It's been too long in coming, so here's a three-song, thirteen-minute update that puts the spotlight on Hayden.
Hayden's a packed-house star up here in the frosty Canadian wastes, and he can't be too fringe a figure in the American singer-songwriter arena, but his records still aren't mentioned in the sorts of places they should be. He's released five solid albums of brooding, mumbly music, and while his lyrics can be hit-and-miss, his melancholy sincerity is perfect for stormy Thursday afternoons, or as a relationship slowly comes apart. He lets little guitar sounds carry the pauses between words, lets the unsaid speak. And he rarely screeches. (Of course there's also the growly and raging "When This Is Over" which is whiney and abrasive, but in a Tom-Waits-as-teenage-angster kind of way.)

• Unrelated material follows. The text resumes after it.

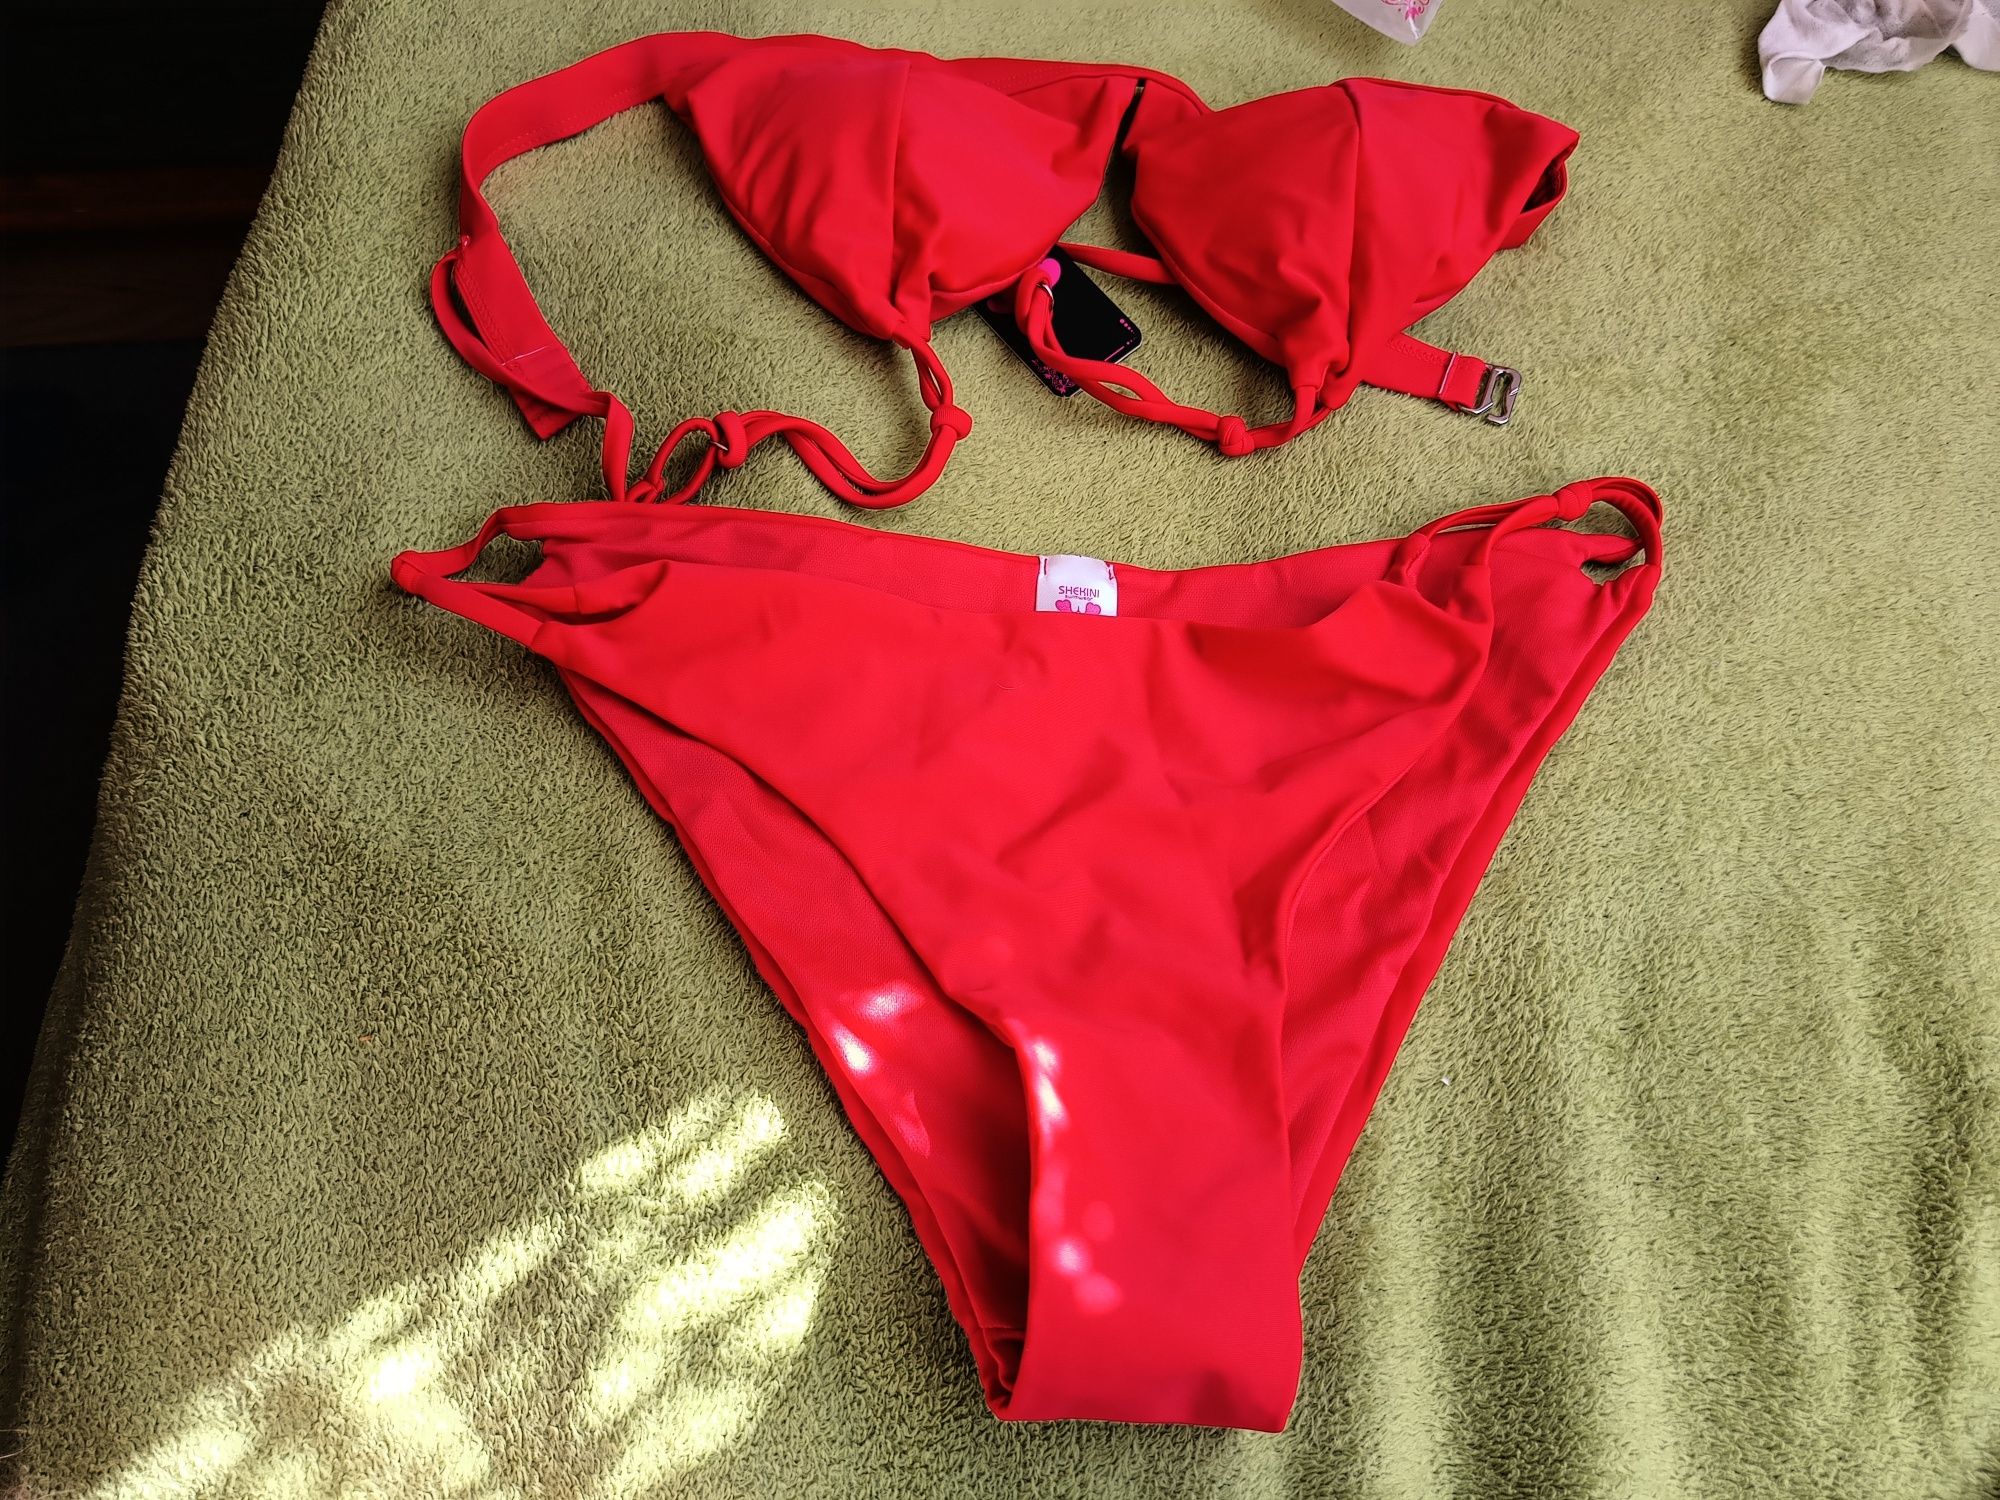 Strój kąpielowy Shekini dwuczęściowy rozmiar Xl kolor czerwony

In chronological order, then:
Hayden - "You Are All I Have". My favourite Hayden song, recorded twice - an angrier, rawer version on Moving Careful, and again here on The Closer I Get. This is an exceedingly careful love song, as tentative as fingers brushing hair from a face. It's long and steadfastly simple, bold words over the a tickling, blossoming mandolin. Hayden takes such time letting the song fold open, letting it stretch and ripple and glow. Each time a line of the chorus is delivered, it's a pulse of something bigger, as Douglas Coupland wrote (about something else), "silver dollars, rubies, sugar candies." A man in front of a house at night, lit only by the dim porch light, his heart in his two hands. [buy]
Hayden - "Bass Song". From 2002's Skyscraper National Park. This one is a little more upbeat, at least in a musical sense. Live, it's led by the ringing piano sound, but on record it's a strange, macabre little thing, guitars and drums pulling the quiet piano around, introducing it to the cold, wet, twisting strings. It's a silly story: Hayden in his home as burglars break in. "I couldn't hear them / with my headphones on / recording a song." But things go queer in the second half, as he "grab[s] [his] bass guitar by the neck," to be found "five days after [he] hit the ground." The same cautionary guitar tootles along, but in come the strings again, wheeling and winding, a slow-motion dance, dark violet figures on a candlelit floor. [buy]
Hayden - "Home by Saturday". Finally, the second track from Hayden's 2004 record, Elk Lake Serenade. Here he is in his slightly more rustic mode, with the kind of urban country-folk that landed him the soundtrack for 1996's Trees Lounge (with Steve Buscemi! As an unemployed drinker who's down on his luck!). There's an affectionate ring to Hayden's voice, in the long highways he imagines beyond the end of the song. A pedal steel underlines the man's not-quite-weariness, his not-quite-longing. As everything tramps casually forward, you can't help but feel it's holding back, ultimately much more divided than, say, Tom Waits's "Long Way Home". Listening to Hayden's lazy Ontario drawl, however, it's easy to understand why the girl would feel attached in the first place. [buy]
The bad side to Hayden is that since his comeback explosion a couple of years ago, I get the feeling he's coasting. Live, he's gone smug and lacklustre, carelessly tossing out songs, fully aware that the audience will lap it up regardless of effort. There are bits of Elk Lake Serenade where he's spinning his wheels, not putting the work into finishing the song. Hayden's written some excellent tracks that consist basically of a chorus: he sets a half-song spinning, gently reflecting light, and doesn't fill in the verses or give it an arc. But while this can sometimes succeed, other times it feels like a lazy habit or a lack of craft; the trick can wear, especially when overused. So while Greg Macpherson does astonishing things with his voice, his instrument, his words, Hayden's gone sloppy, resting too much on his cute-indie-boy laurels. Pull yourself together, dude: work a touch harder. I beg.